Election Night was a good time to be an NBC affiliate. Just ask the news director for the local ABC station.
Riding the wave of NBC’s national election coverage, Little Rock’s KARK won the local ratings battle as Donald J. Trump won the political war.
Even a fierce competitor accustomed to winning, News Director Nick Genty of KATV, Little Rock’s ABC station, conceded the success by his NBC rival, which won the viewership race every quarter-hour from 6:30 p.m. to the wee hours, according to figures from ComScore.
“Across the country, it was a great night” for NBC, Genty said, pointing to reports that NBC led in primetime network coverage with just under 12 million viewers compared with 9.7 million for ABC and 8.8 million for CBS, according to the Nielsen Co.
Austin Kellerman, news director for KARK and its sister station, KLRT, known as Fox16, said the station had made political reporting a top priority over the past years. “From hosting debates to series on medical marijuana to exposing issues in the election process, we positioned ourselves for these results.”

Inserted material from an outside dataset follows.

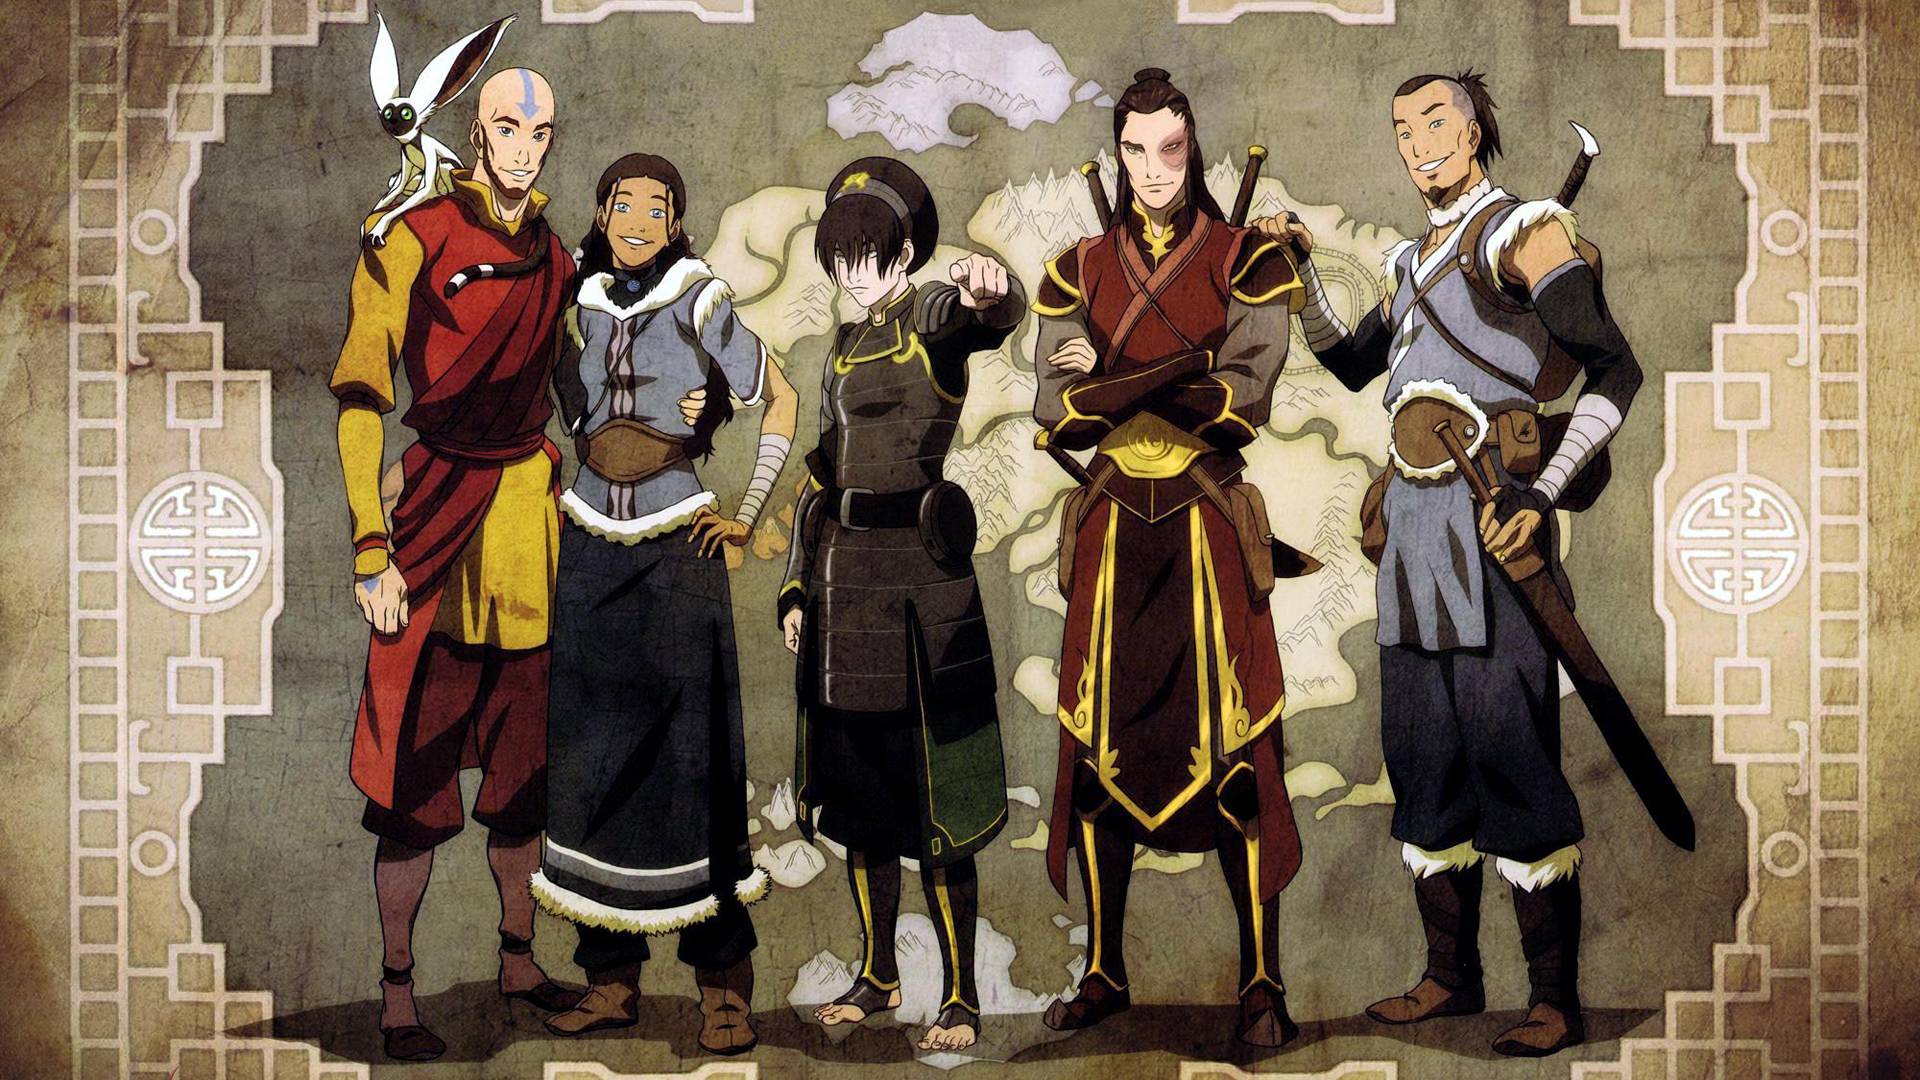 Mako Korra Avatar The Legend Of Korra Wallpapers

KARK reported a 46 percent increase in viewership from the 2012 election, when its broadcast averaged 46,000 viewers. There are more than 540,000 viewers in the Little Rock market, according to analytics, but of course not all are watching at any one time.
Kellerman called this year’s election remarkable, and an example of “having to think on your toes and reassess plans during an event as it happens.” The polls, of course, suggested that Hillary Clinton would win the presidential race, “but that’s the opposite of what we started to see; fortunately our crews responded quickly” and transformed the unexpected Trump groundswell into the story.

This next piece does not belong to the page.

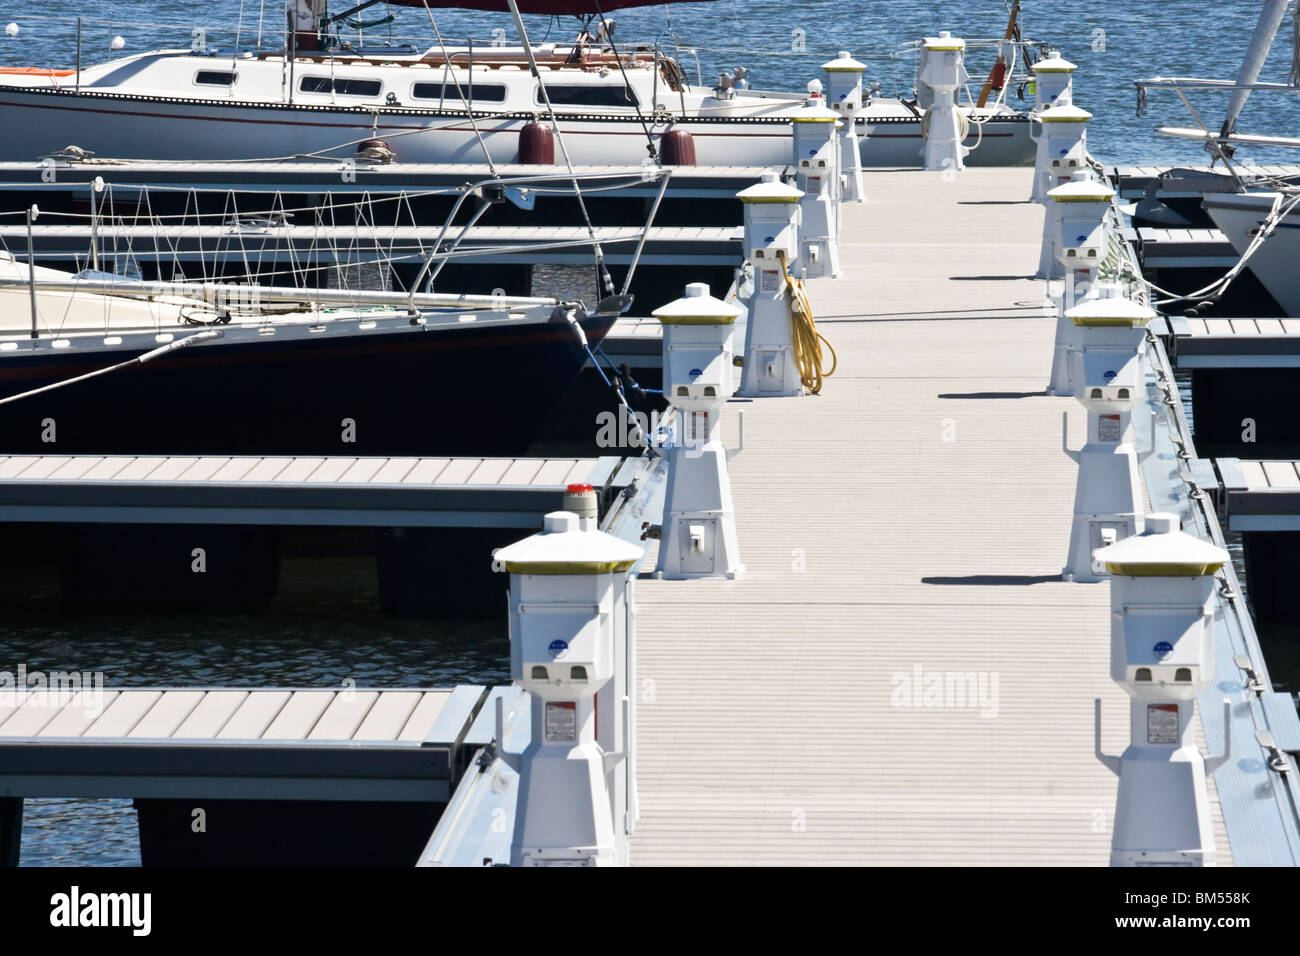 Sailboats Docked at the yacht club on Lake Ontario, Oswego NY Stock Photo

Josh Berry reported from Next Level Events in Union Station as a Democratic watch party petered out. The night ended with dejected Clinton supporters filing out as Trump surged in battleground states.
Shannon Miller, on the other hand, “stuck it out at the Embassy Suites with the die-hard GOP race watchers,” Kellerman said. “The scene was pretty surreal and unexpected. By the time [Miller] left following Mr. Trump’s speech, only three people remained at the watch party. That became the story and the focus the next morning.”
Genty said his crew at KATV worked long hours, captured key moments of the night and had the first interviews with many race winners. “KATV was the first station in the market on air with election results and analysis,” he said. “In fact KATV broke the story of the most important local race, Issue 6, the marijuana amendment. It was Roby Brock and KATV that called that race long before any other media outlet. That’s what a No. 1 station does.”
Genty said KATV is “the market leader in all news programs in households and demos,” and that except in the cases where another network has an unusually strong lead-in, it consistently tops Little Rock’s newscast ratings. But he did compliment the competition.
KARK anchor Bob Clausen, whose Little Rock election memories stretch back to standing in front of the Old State House watching Bill Clinton claim re-election in 1996, figured that Trump’s unconventional campaign meant that Election Night this year would “be unlike any other, and about a lot more than just ‘pizza night’ in the newsroom.”
Would it result in the first female president, or a true outsider taking the White House?
“It was a cage match and it didn’t disappoint from a spectator’s point of view,” he said. “We knew we had to balance network and local coverage, and the story of the night was moving from coast to coast. We wanted to keep Arkansans informed about Arkansas, but also knew Arkansas was watching the nation. So we made sure our coverage was up-to-the-minute, relevant and quick on the local races and issues,” like medical marijuana, “then we’d get out of the way of what was happening in America.”
Clausen praised Kellerman and Assistant News Director Ernie Paulson for preparing the team well, and reporter and “Capitol View” host Drew Petrimoulx for his political expertise. “Everyone in front of and behind the camera was in the zone, and sometimes that’s not the case. We have the scars from those nights to keep us in check. A lot of credit goes to Austin for making sure we didn’t ‘pull the trigger.’ We took aim at what we wanted to do, thought it out, took a breath and squeezed.”